Once we finalize data transfer from the Alere PETRA and PELICAN, we will assess any improved prediction capacity upon the addition of PlGF to the original fullPIERS model. In addition, a preliminary temporal validation of the fullPIERS model has been carried out using data collected from the BC Women’s Health Centre. The fullPIERS model had good performance, AUC ROC of 0.84 (95% CI 0.78–0.90) and a moderate calibration.


We plan to finalise all data analyses and writing of manuscripts.

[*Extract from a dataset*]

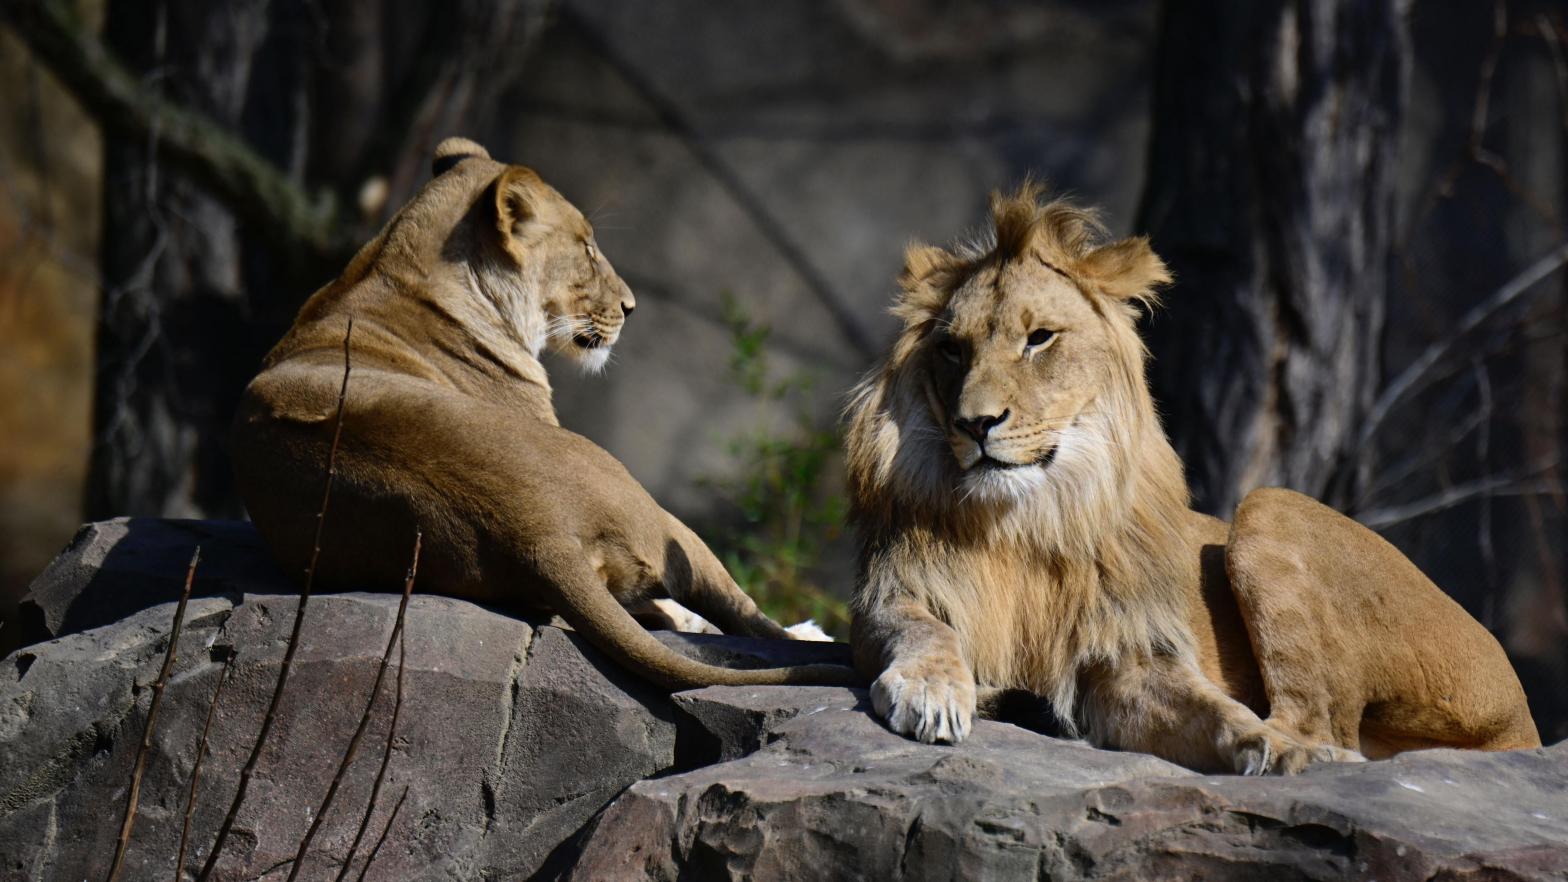 Lions in an enclosure at the Berlin Zoo. (Photo: TOBIAS SCHWARZ/AFP, Getty Images)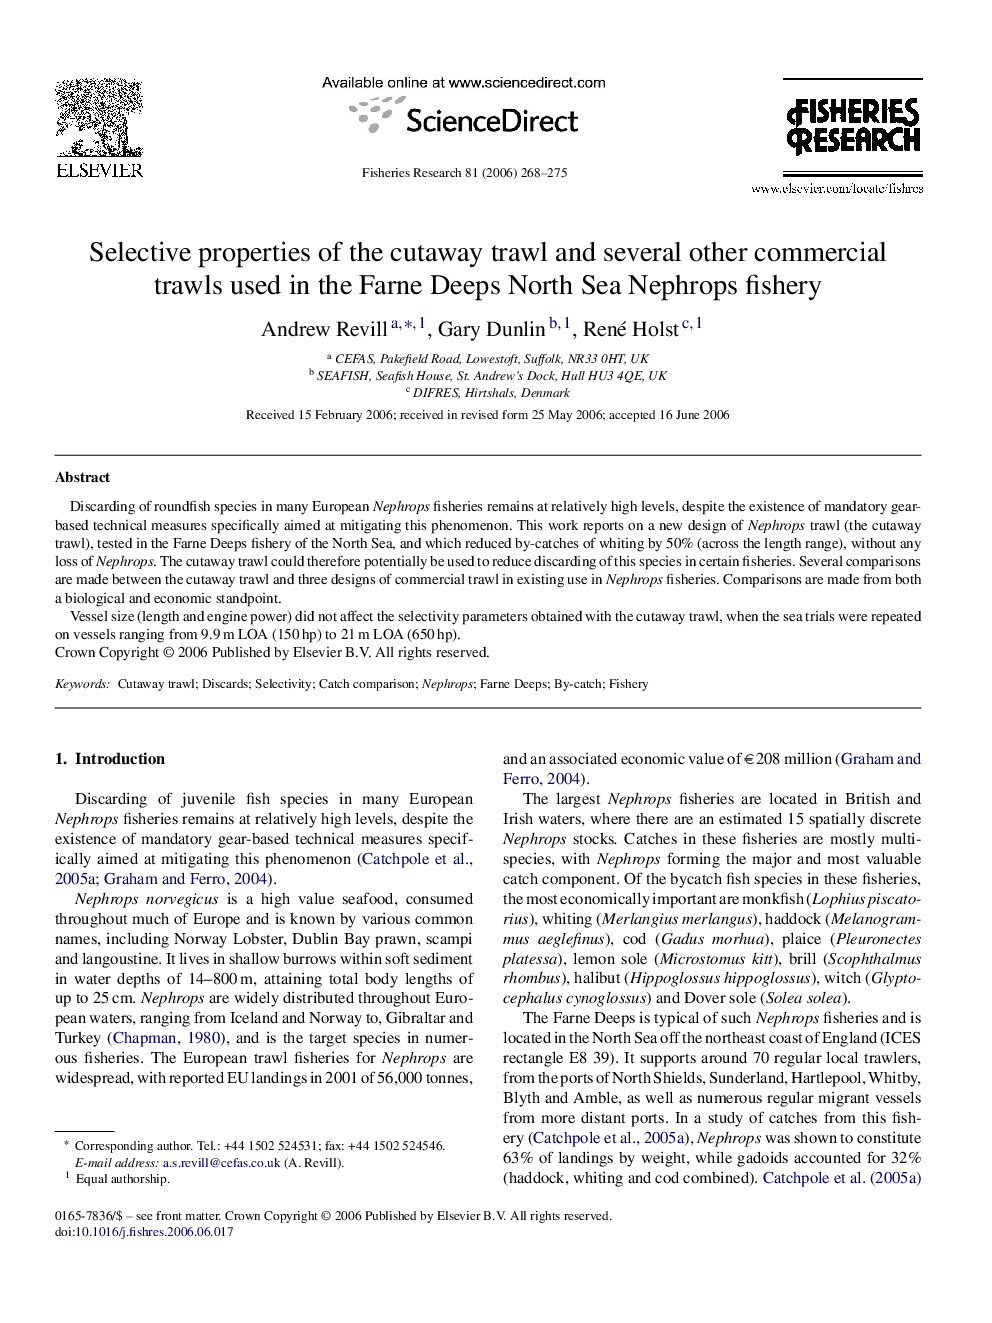 Selective properties of the cutaway trawl and several other commercial trawls used in the Farne Deeps North Sea Nephrops fishery

Expected publications include:

  • The diagnostic performance of placental growth factor in women with suspected pre-eclampsia attending antenatal facilities in Maputo, Mozambique.
  • Temporal validation of the fullPIERS model using data collected from the BC Women’s Hospital, Canada.
  • External validation of the fullPIERS model using the combined PREP, FINNPEC, Alere-funded PETRA and PELICAN and Oxford datasets.
  • Addition and assessment of PlGF in the fullPIERS model.
  • Recalibration of the fullPIERS model for better performance, in the context of a methodology paper, using external datasets.